There are many vendors that can provide large-scale documentation, which is very helpful for you to adjust the size of the Repository properly for your enterprise environment. You only need to ensure that you have configured enough repositories and make them available at the same time.
In the backup process, it is particularly important to make these repositories have an appropriate size when deduplication is performed.
In addition, please note that the supplier uses the backup proxy to be closer to the storage on the virtual host. In this case, you must make sure that you have made appropriate adjustments to ensure that your enterprise has sufficient RAM, CPU, and local storage, this avoids bottlenecks at some point in the backup or recovery process.

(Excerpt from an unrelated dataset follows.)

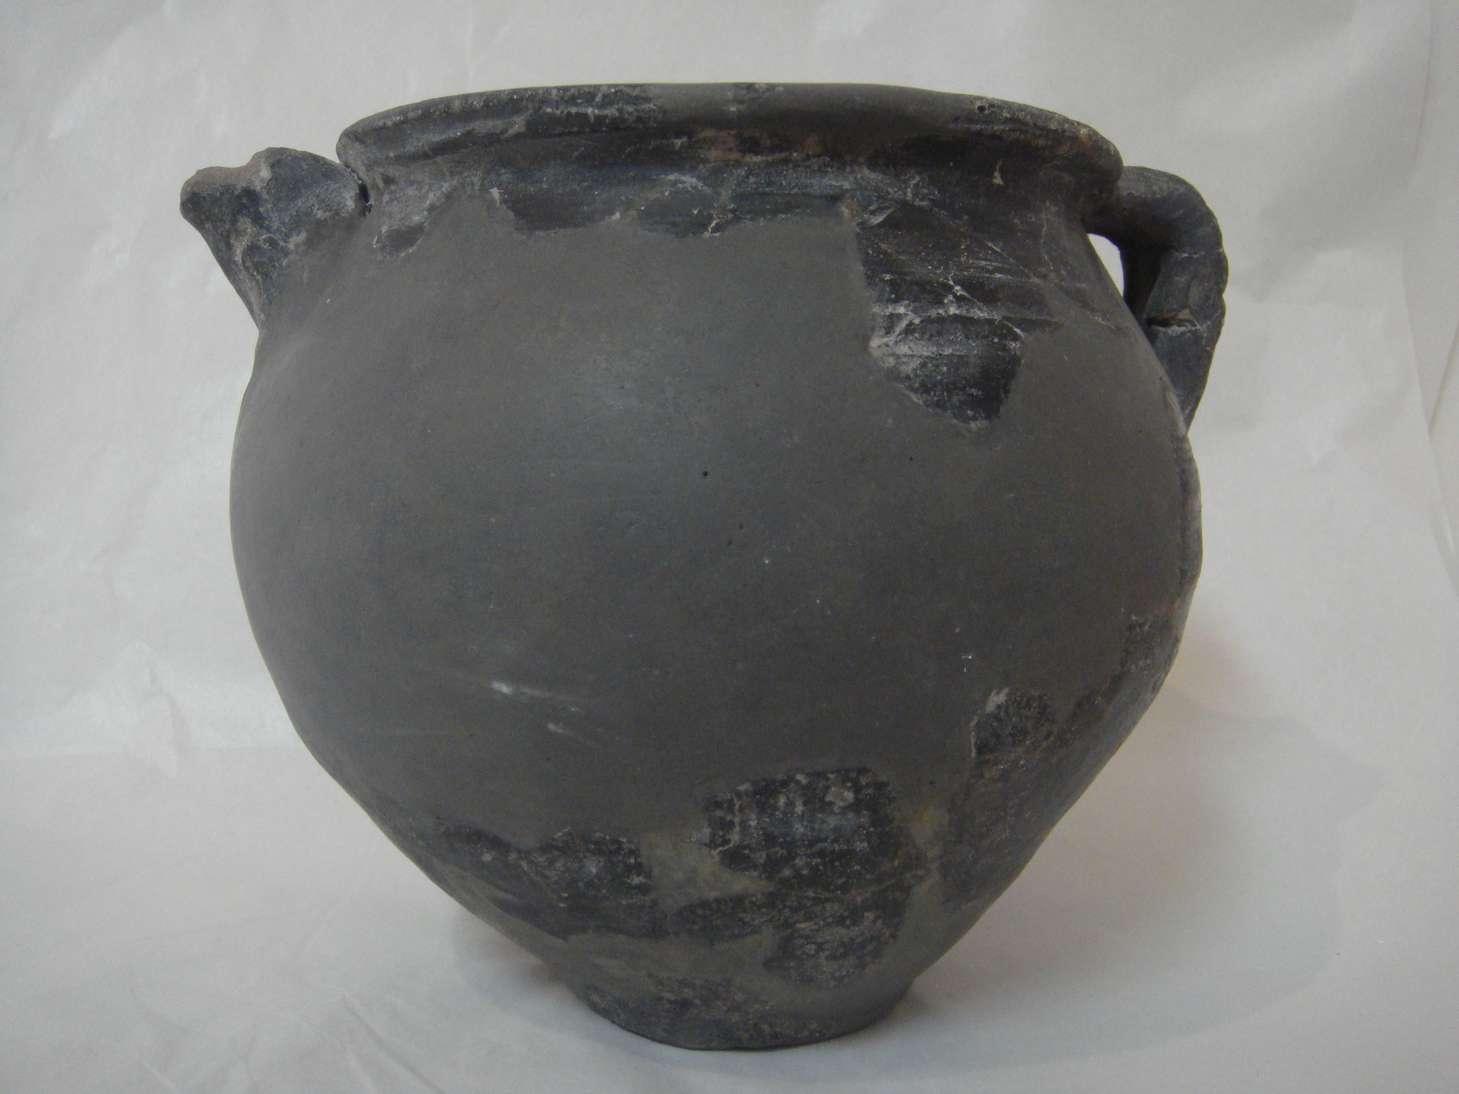 cruche-ovoide-fecamp--art-ancien-restauration-restaurarte.jpg

I used to use a database server as a virtual machine that carries 7 to 8 TB of data. Sometimes these virtual opportunities try to restore the data from a repository. In this case, due to insufficient throughput, it becomes a real problem. Data can be recovered in a timely manner only after data is distributed to multiple repositories, because enterprise users can run the recovery on multiple drives at the same time.
Step 5: implement a more comprehensive solution
Implement More comprehensive practical solutions. This means that your enterprise should run multiple tests. Your enterprise will never fully realize the specific number of migration fragments involved in a recovery process until you have actually executed a recovery process. Perhaps the most complex is the recovery that involves geographically dispersed backups. In these cases, you need to run the recovery test to ensure that everything you want will happen.

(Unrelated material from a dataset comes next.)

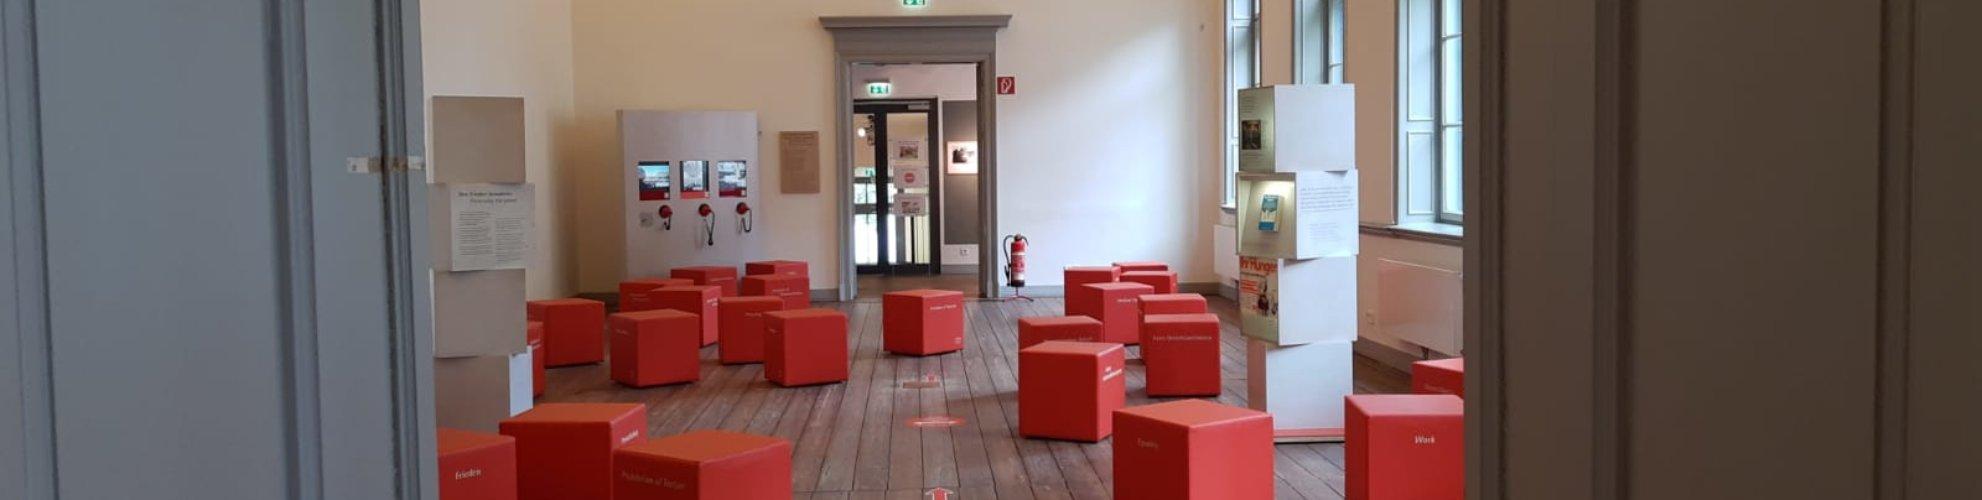 Willy-Brandt-Haus | Ausstellungsraum

In most cases, I will encounter problems that I have never considered possible during the test. Once, I encountered a software license problem. After the application is restored during the test, the application software must verify its license authorization. During the call-home process, the authorization software detected that the IP address of the server hosting the software had changed since I ran the application on the test server. Then it invalidates the software license. Although this is inconvenient, it becomes a production issue because it invalidates copies of software licenses running in testing and production. This negligence damages the production environment.
Start from the test and confidently restore your enterprise environment.

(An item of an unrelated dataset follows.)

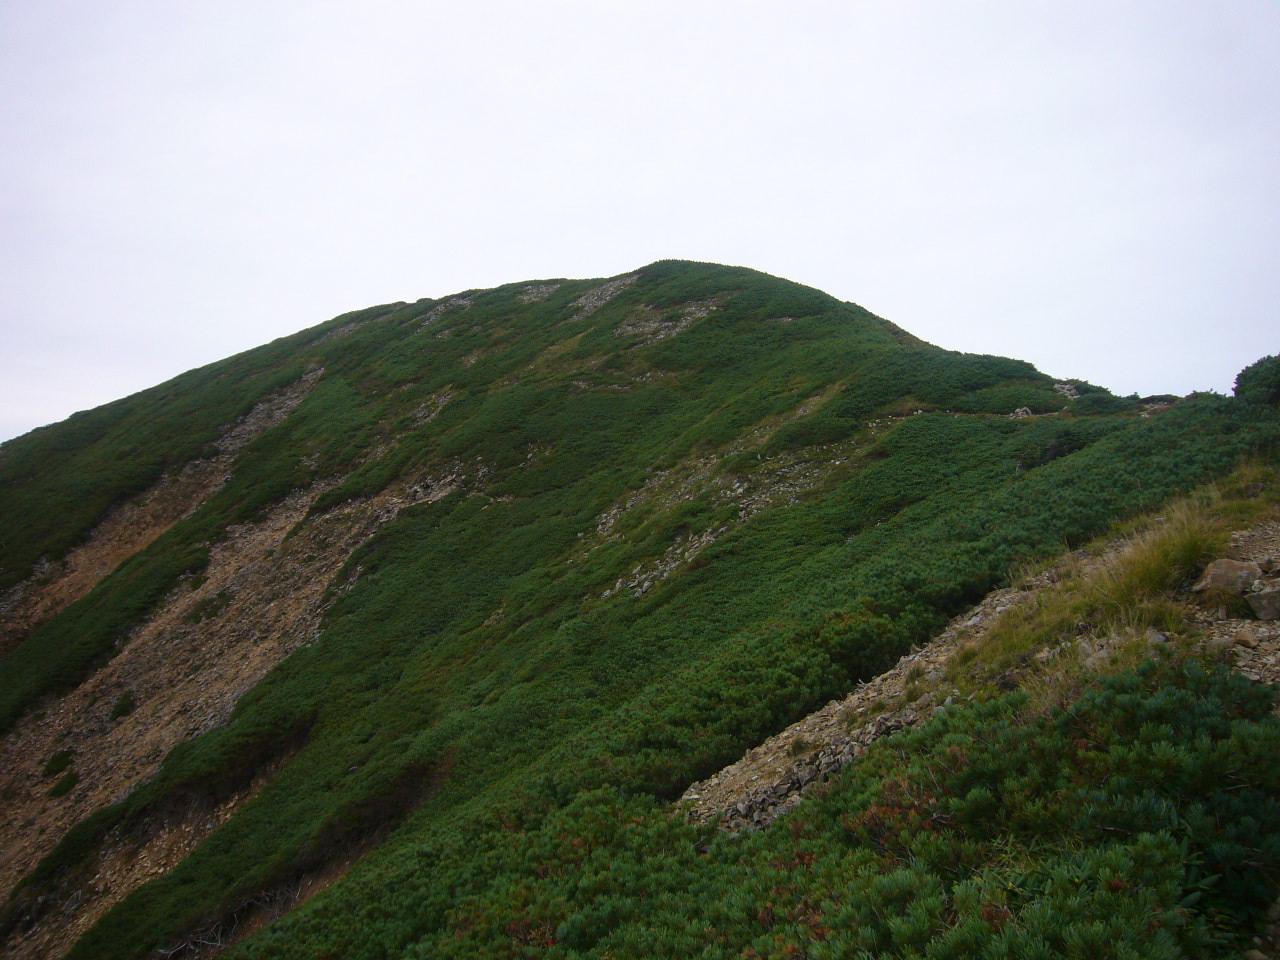 登山道崩落 H22.9.24撮影

This leads to changes in how I conduct disaster recovery testing. Now, when I propose a test environment, I will disable outbound network traffic. During this time, I will see what traffic is out of the station to ensure that no software attempts to remotely report a fault warning may inadvertently cause interruptions in the test or production environment. This may represent my paranoia to a certain extent. I don't necessarily tell other people to be so extreme. However, a snake has been biting for ten years for fear of a rope. I personally discovered that software licensing was a problem during the recovery process.
Another good example for enterprises to perform tests is to ensure data can be recovered. A company I once worked for created an "X" drive or file sharing on its Microsoft SQL Server. Back up the data to the X drive once a week. However, I don't actually know about this, and another colleague of the company knows what this "X" drive is for and what it is, so he decided to use it to execute some replication between the two SQL Server database servers, which was running well at that time.
After a while, the company changed the backup program and decided that its SQL Server no longer needed the "X" drive on these database servers. I evaluated the system and placed the "X" drive throughout the environment. At the end of the process, the one who executes the copy task between the two SQL Server database servers began to yell at us: "Why is the replication interrupted ?"
In short, these situations explain why testing is so important. In addition to the frequent changes in the environment, there are always some minor differences, such as the failure of the "X" drive, which makes it difficult to perform recovery as expected, unless your enterprise regularly performs a recovery test.